The data is probably slightly skewed on certain sightings, but I'd say the trends of seasonal elevation patterns between all of the different wilderness areas is good enough to show a frequency pattern that we can use to profile their habits with. According to the knowledge that I have for the GPNF elk populations, the elevation pattern of BF mirrors the elk elevations per season. It makes perfect sense to me.

Yeah cool i thought it would, it's only really natural after all.

If that BFRO Database was infiltrated with bogus reports, i can't believe that the patters we are starting to see would be so, that would be even more against the odds than anything else that this subject throws at us as it would have to consist of a kind of secret cult that are strategically placing Sightings in specific areas, at specific times of the year & at specific elevations, over the course of 50 plus Years & simply " should " be more ridiculous for many to digest than the actual existence of this Animal.

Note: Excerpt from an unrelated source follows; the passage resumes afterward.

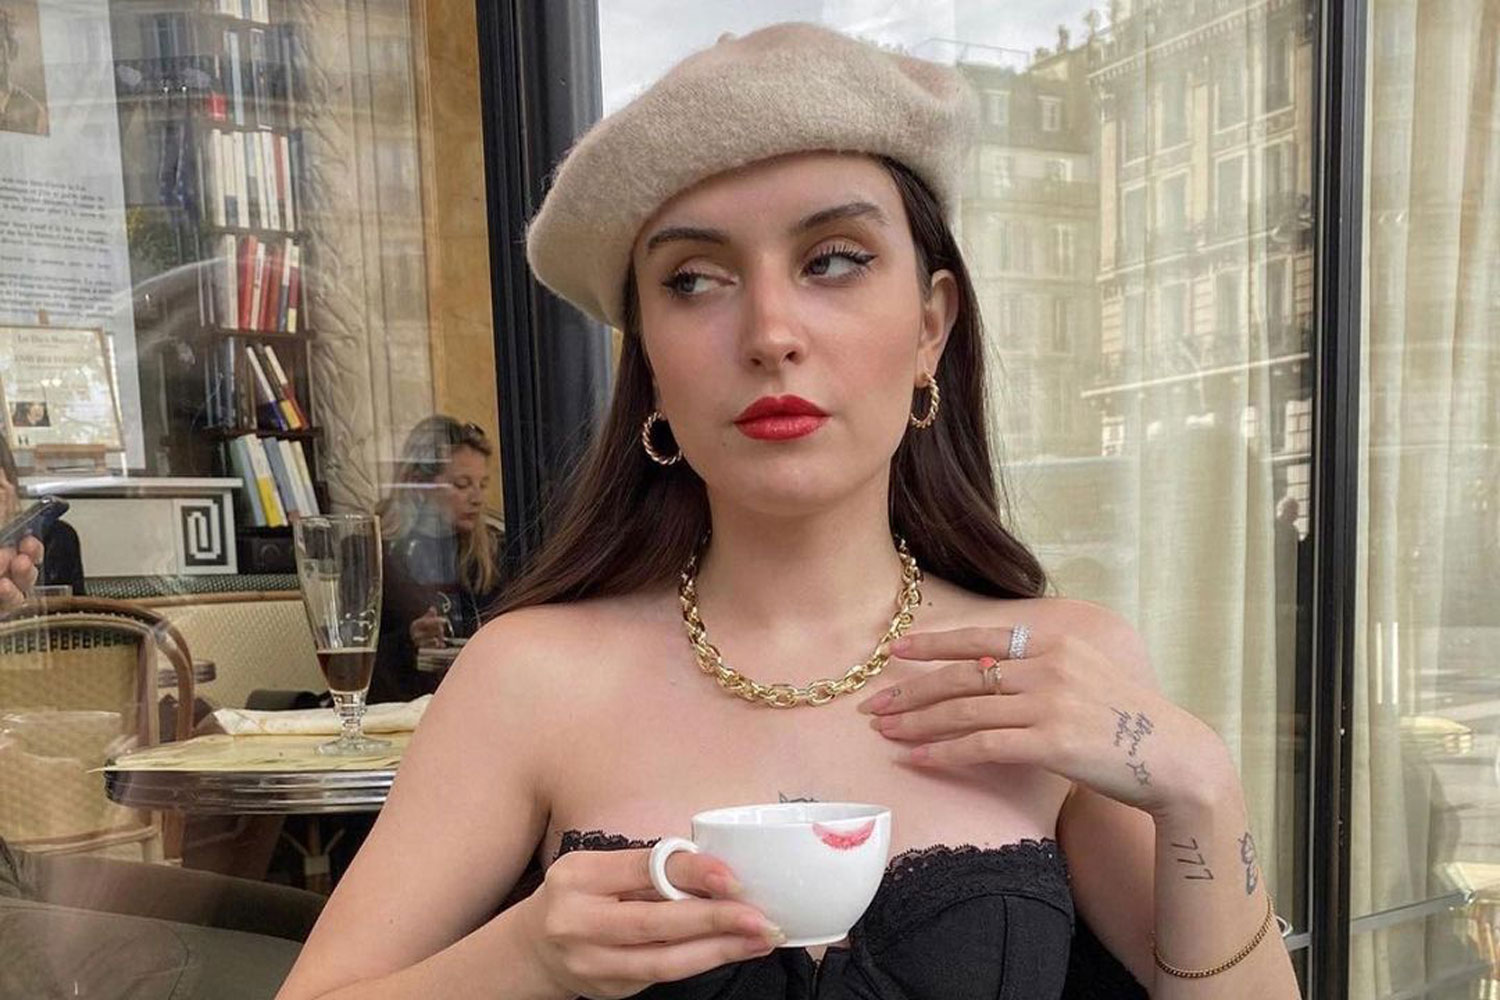 France’s Coffee Is Now So Bad Tourists Are Bringing Moka Pots To Paris

Based on Bobby's info about the GPNF, aside from the elk patterns, they seem to fall into place with the general snow line in my area that I hunt, to a certain extent. In summer, and fall the elevations put them in the Goat Rocks wilderness area, which becomes accessible in the summer time, and is snow free until late fall, for the most part.

Funny you should say that about Goat Rocks PacNW, i always had it in my head for some reason that GRW was a kind of BF Mecca but after doing this, i was actually quite shocked at how little reported Sightings there were in the specific area IE a big fat ZERO.

I don't think the Wilderness is very well visited & like has been mentioned, to have Sightings you need the people there in the first place & it's not easy getting visitor figures for GRW because only one permit is needed per Group of Visitors & up to 12 Visitors are allowed per Group.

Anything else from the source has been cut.